● WHAT THE TASK ASKS
Leave out the pictures and retype, exactly, the lines below from the line with "Enable project management" up to and including the line with "Just for Michael", nothing more.

● RECORDS SUPPLIED
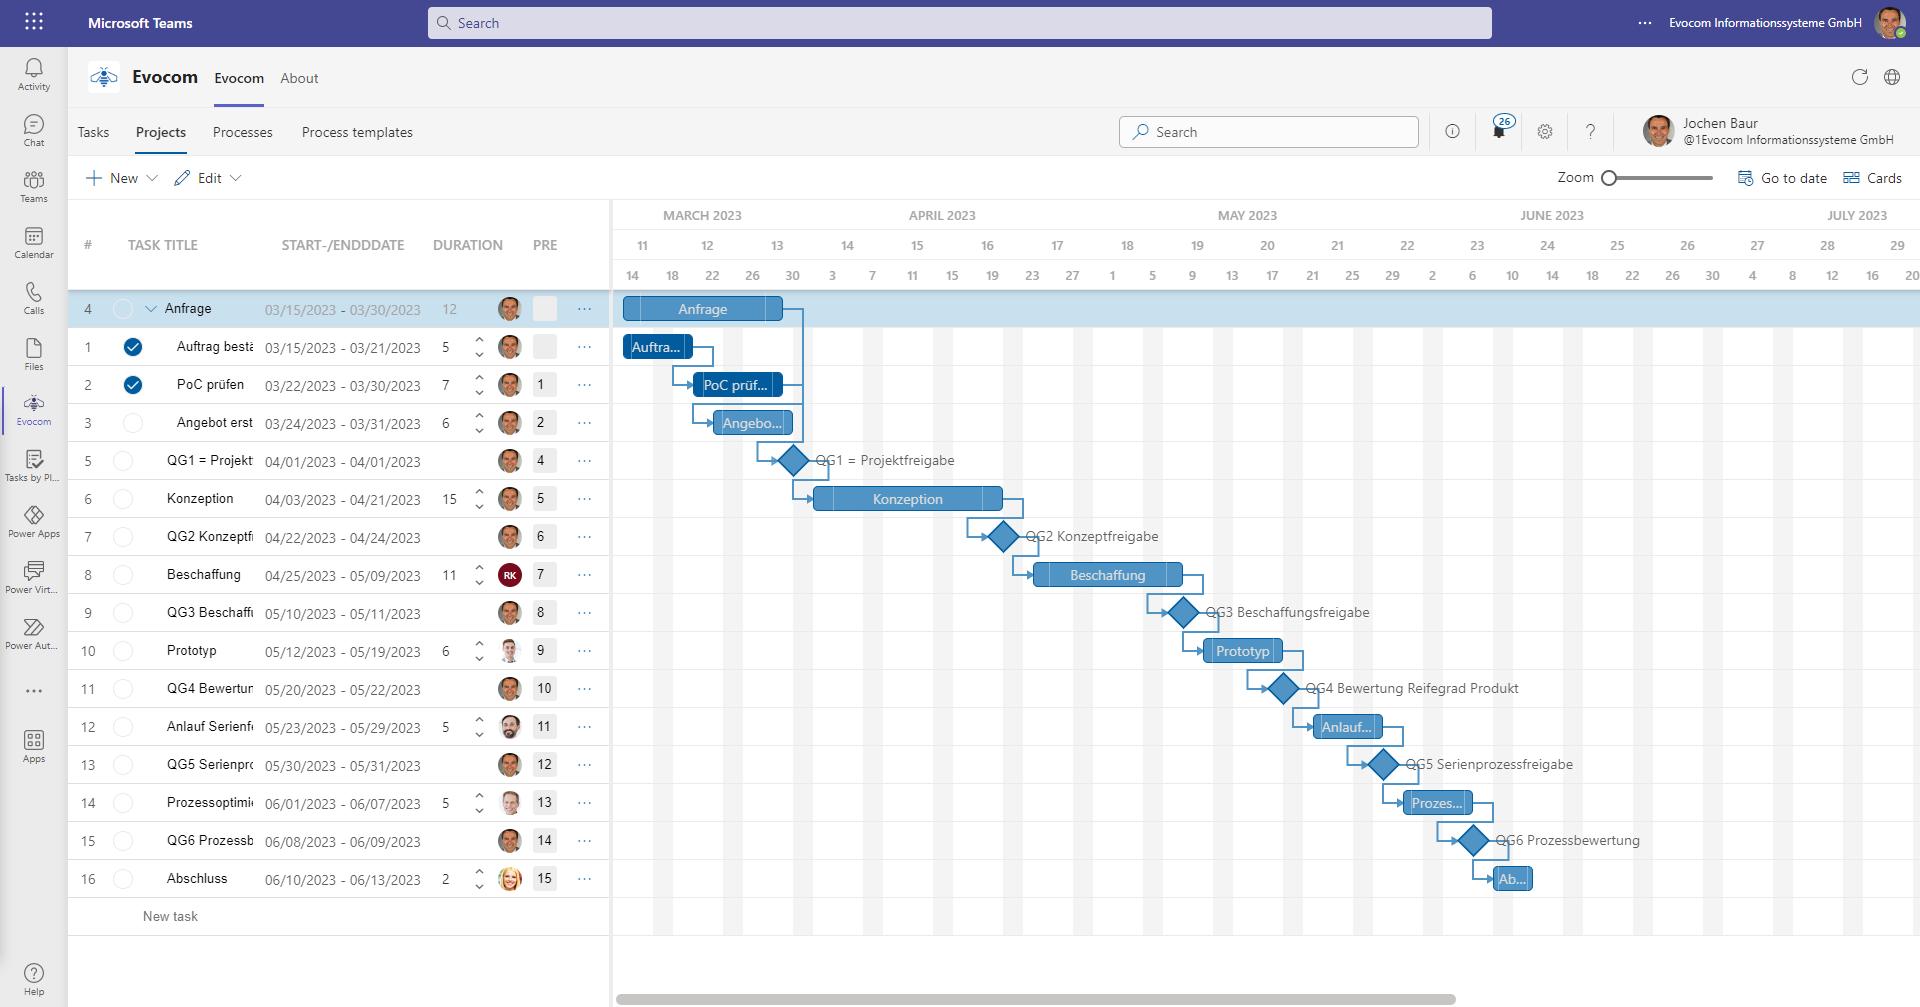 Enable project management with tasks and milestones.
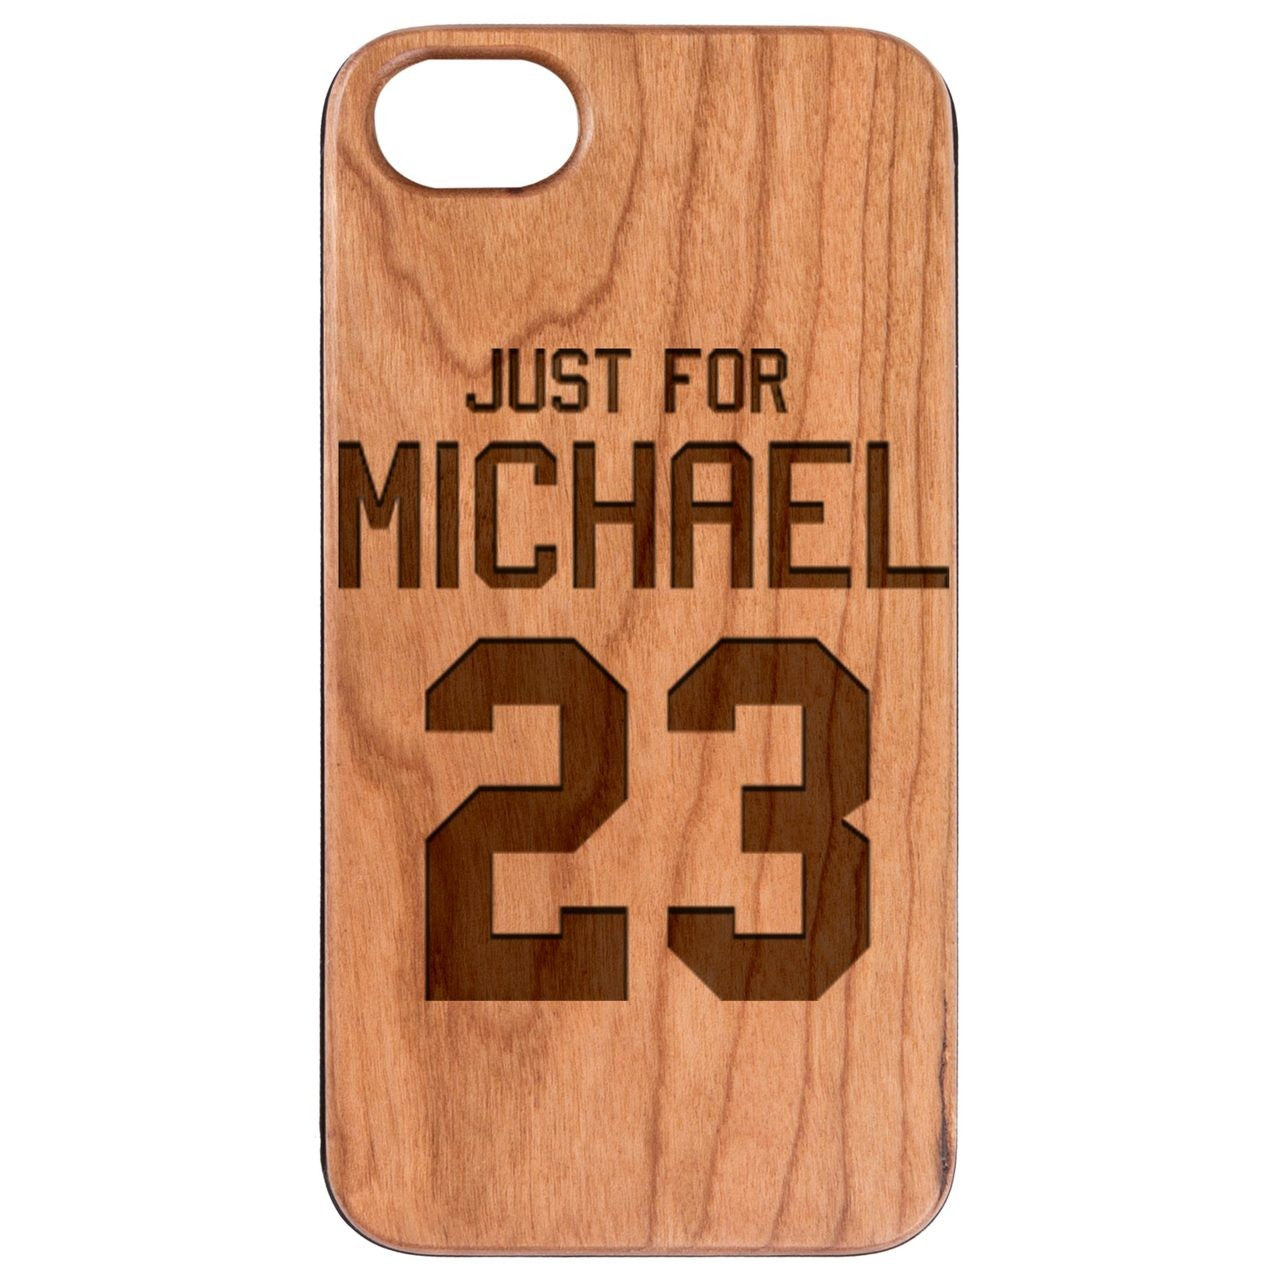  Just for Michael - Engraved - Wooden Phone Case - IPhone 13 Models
---
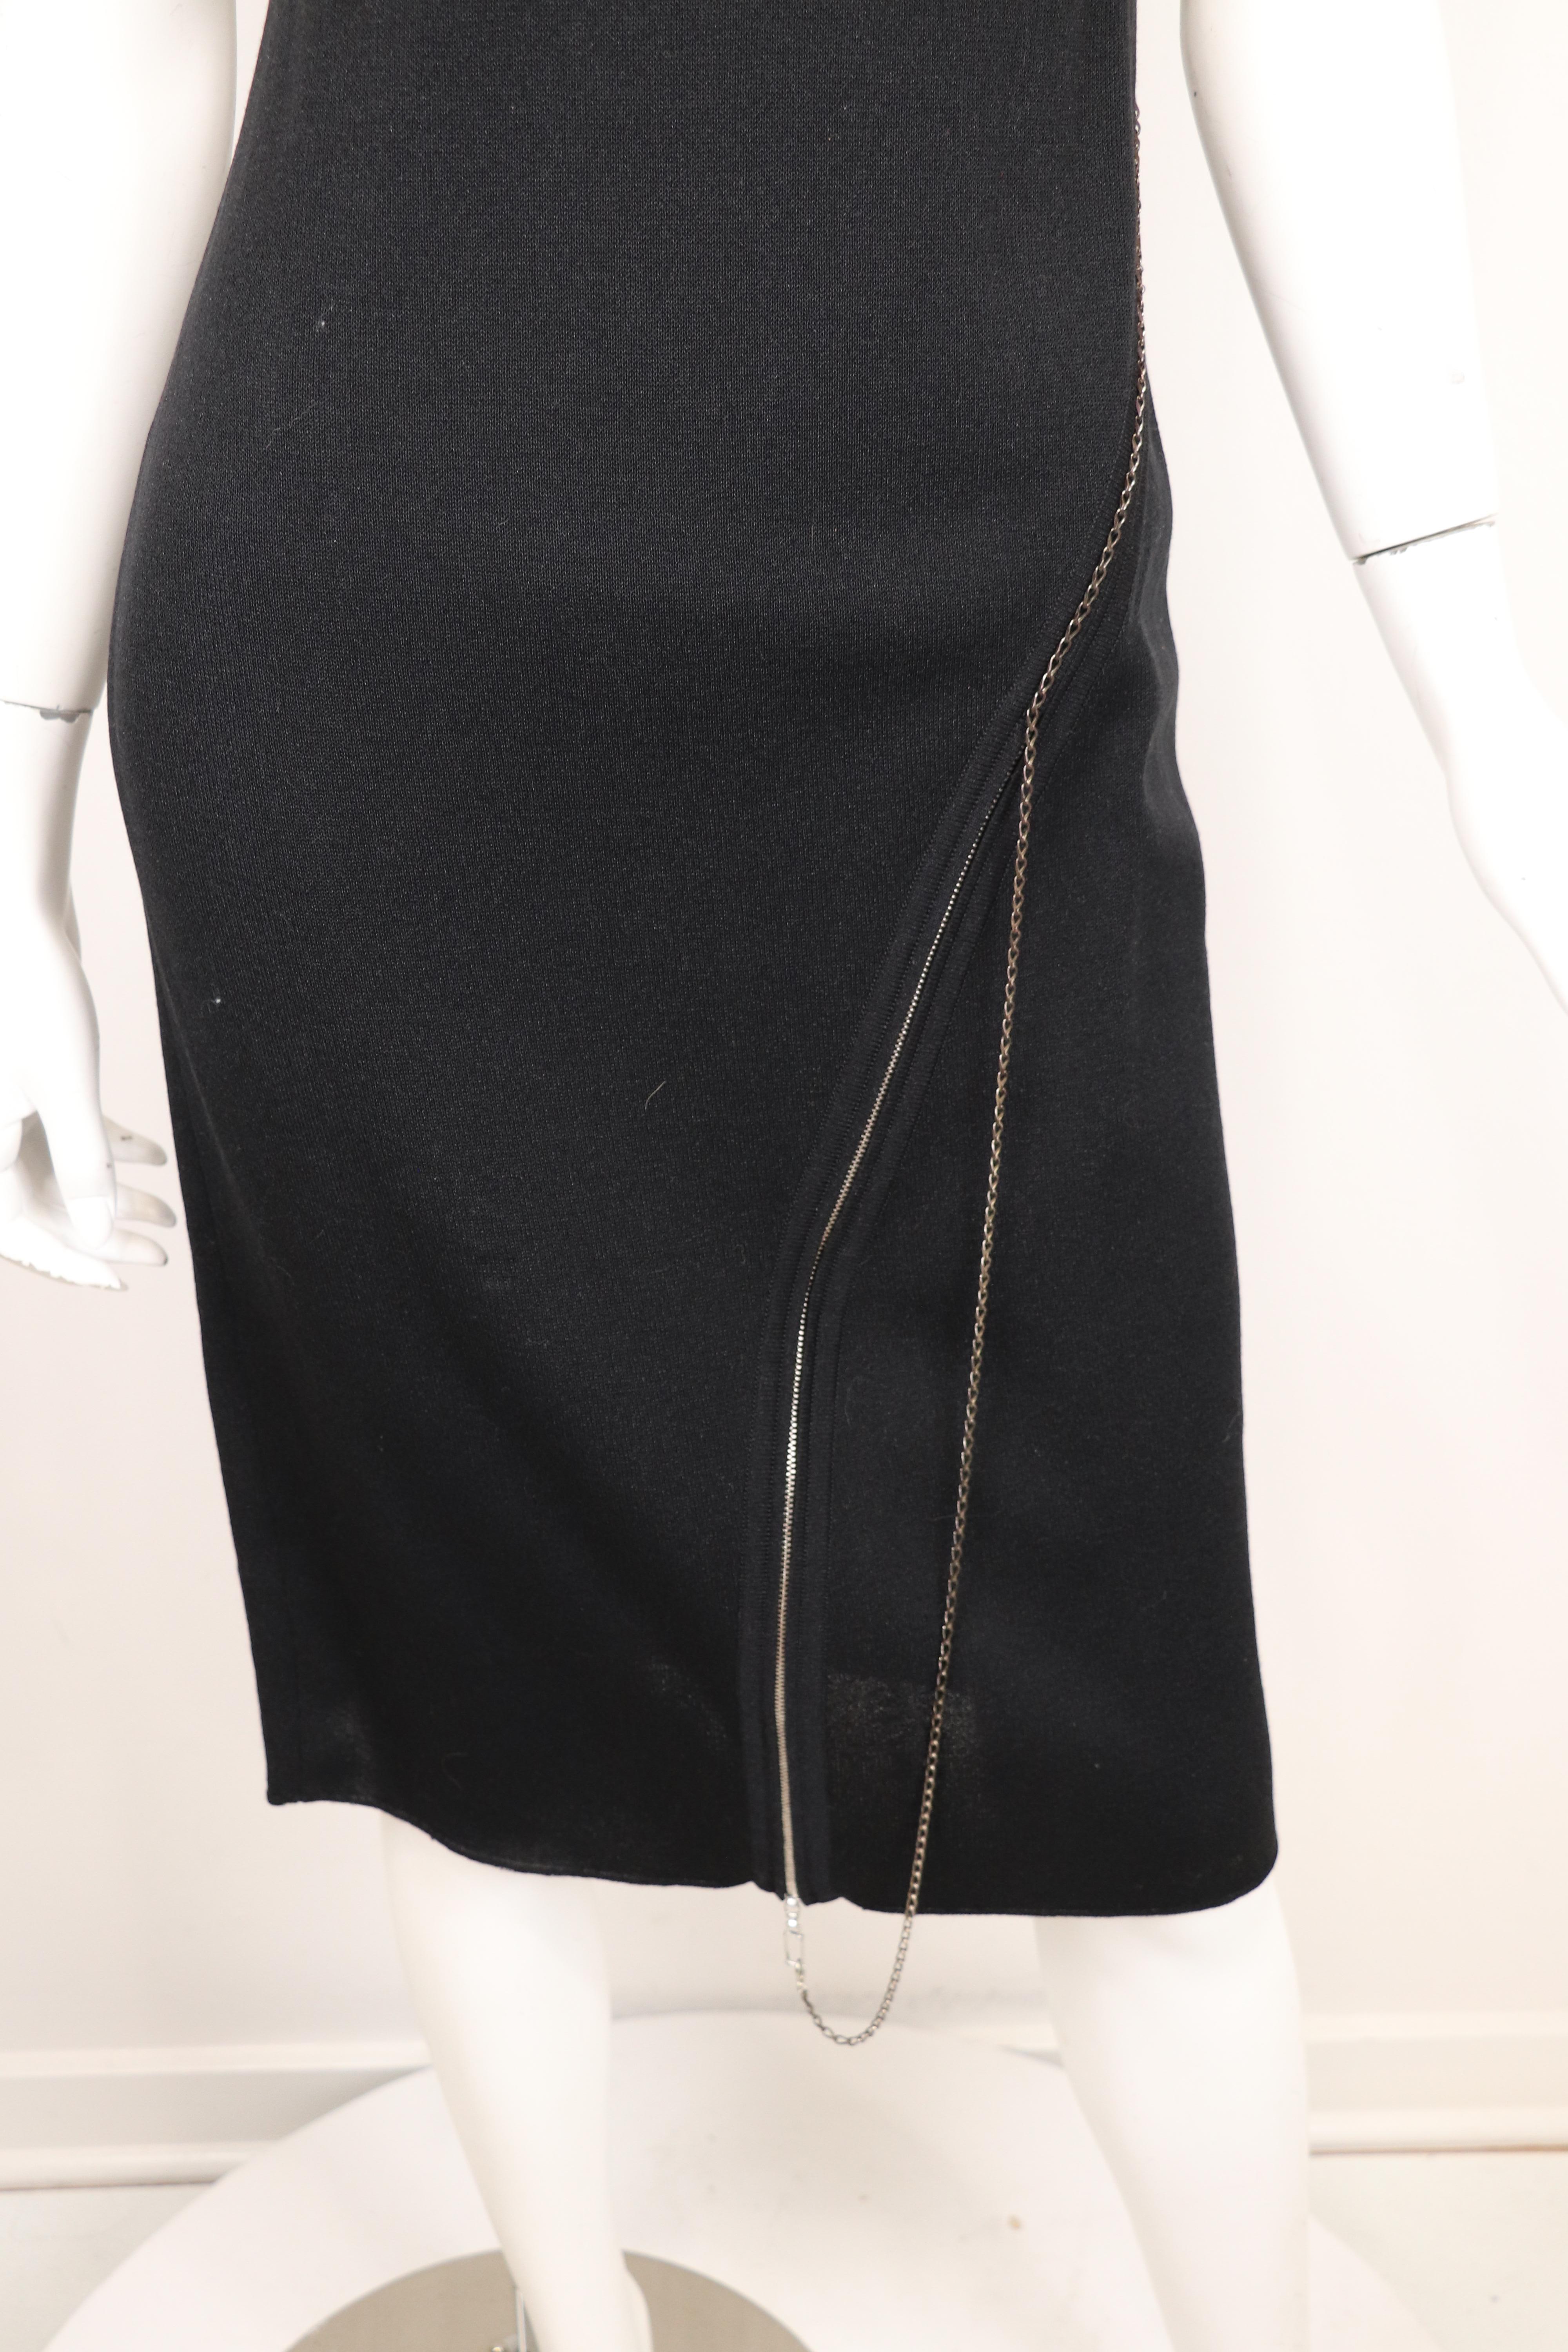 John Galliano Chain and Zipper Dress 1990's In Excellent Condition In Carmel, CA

● RESPONSE
 Enable project management with tasks and milestones.
  Just for Michael - Engraved - Wooden Phone Case - IPhone 13 Models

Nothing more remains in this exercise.